究極の金融緩和策だが「副作用」も計り知れない ?

フリードマン氏は、政府が十分な紙幣を印刷してヘリコプターからばらまくような金融政策を行えば、必ずやデフレから脱却してインフレとなり、景気は上向くはずだと主張した。実際、最近はヘリコプターマネーを推奨するエコノミストも現れている。FSA (英金融サービス機構) 長官だったエコノミストのアデア・ターナー氏も著書「債務と悪魔のはざまで」 (2015年) で、ヘリコプターマネーを推奨している。以下、ヘリコプターマネー推奨派の主張をみていこう。

ヘリコプターマネーと通常のQEとの違いは、簡単にいえば前者は政府の財政負担にならないということだ。中央銀行の買い切りや無期限の償還などによって、政府ははじめて無制限に国債を発行できる。

現在のアベノミクスのQEでは年間80兆円の国債を買い取り、政府は日銀に利息を支払い、そう遠くない将来には国債の元本を償還しなければならない。

ところが、ヘリコプターマネーは中央銀行が無制限に政府の国債を買い取るもので、返済も期限がない。まさに「債務」を貨幣にしてばらまいてしまおうという政策だ。政府は日銀が引き受けてくれた国債によって莫大なマネ―を得て、まさにヘリコプターからお金をばらまくように市中のあらゆる部分に潤沢に資金を提供することになる。たとえば、ある日突然、政府から1軒当たり30万円分のプリペイドカードが送られてくる。有効期間は1年だが、店舗などあらゆる場所で使うことができるため、その資金で好きな物を買ったり、美味しい物を食べたり、旅行に行ったりすることが可能になる。

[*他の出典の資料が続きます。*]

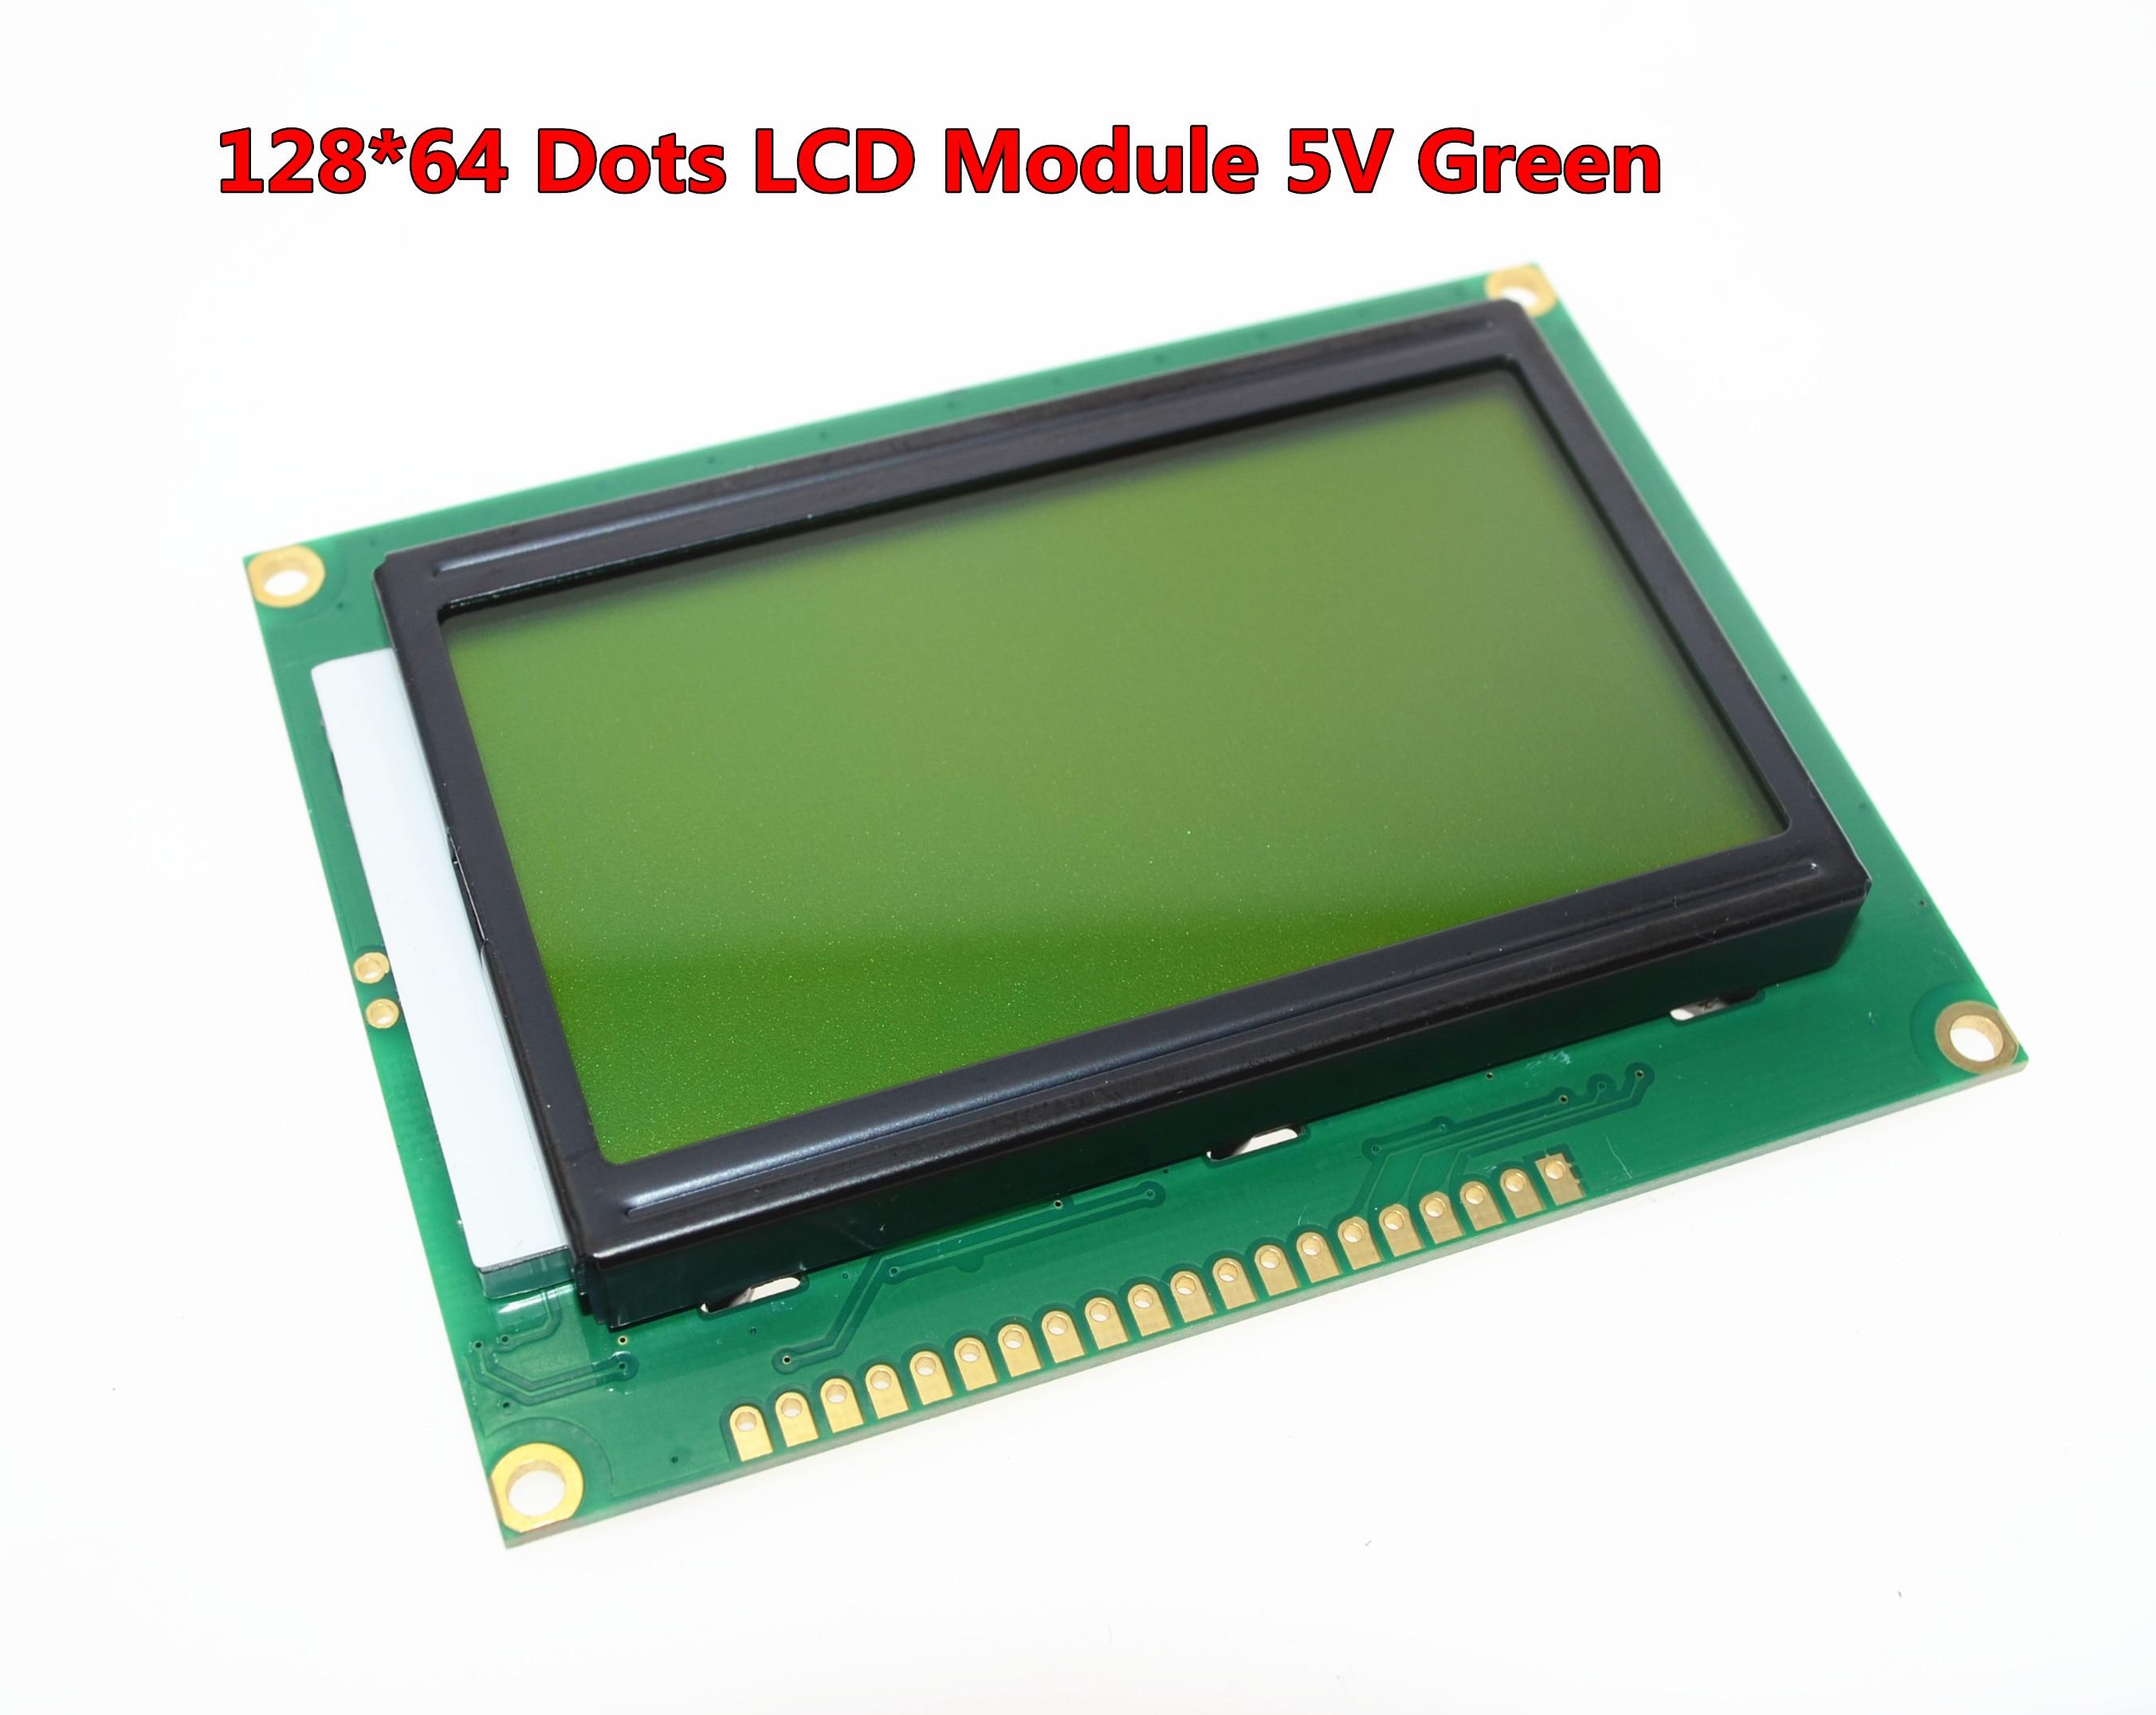 Frete grátis 12864 128x64 pontos gráfico cor verde backlight display lcd módulo para arduino raspberry pi

景気は良くなり、インフレにはなるがコントロールできないこともない。実際に、米国は第2次世界大戦時の戦費調達のために、FRBが国債利回り2.5%を超えないように配慮しつつ、国債の大半を買い切って資金を提供した。FRBの債券保有高は開戦以前に比較して10倍近くにまで膨らんだものの、極端なインフレなどの後遺症はなかった。1929年の大恐慌以降の景気低迷を、米国は第2次世界大戦ではじめて克服したともいわれている。日本でも、1931年に発足した犬養毅内閣の高橋是清蔵相が、国債の日銀引き受けによる財政拡張政策を断行し、金本位制からの離脱や円切り下げの政策と合わせて、世界に先駆けて景気回復、デフレ脱却を実現させている。これが、ヘリコプターマネー推奨派の考えだ。

ヘリコプターマネー反対論の主張とは ?

一方、ヘリコプターマネーの実行は1920年代にドイツで起きたような「ハイパーインフレ」を招くとする考え方も根強い。国債の金利を暴騰させて、通貨を暴落させる。食料とエネルギーの大半を輸入に頼る日本のような国家は、あっという間に円安が暴走して輸入物価の急騰を招き、ハイパーインフレを引き起こすことに警鐘を鳴らしているわけだ。日本も、対中戦争に突入した30年代後半以降は、軍部の暴走を財政面で抑えることができなくなってしまった。そのまま太平洋戦争に突入し、45年の敗戦直後、年間500倍というハイパーインフレを経験しているという論理展開で反対されることが多い。暴走し始めたインフレを止める手段はそうそうあるものではない。1990年代に始まったジンバブエのハイパーインフレは、最終的には自国の通貨を捨てて米ドルを自国通貨とすることで乗り切らざるを得なかった。ハイパーインフレになれば、少なくとも企業が保有する資産も含めて、国民の金融資産の大半は紙くずと化すという考えだ。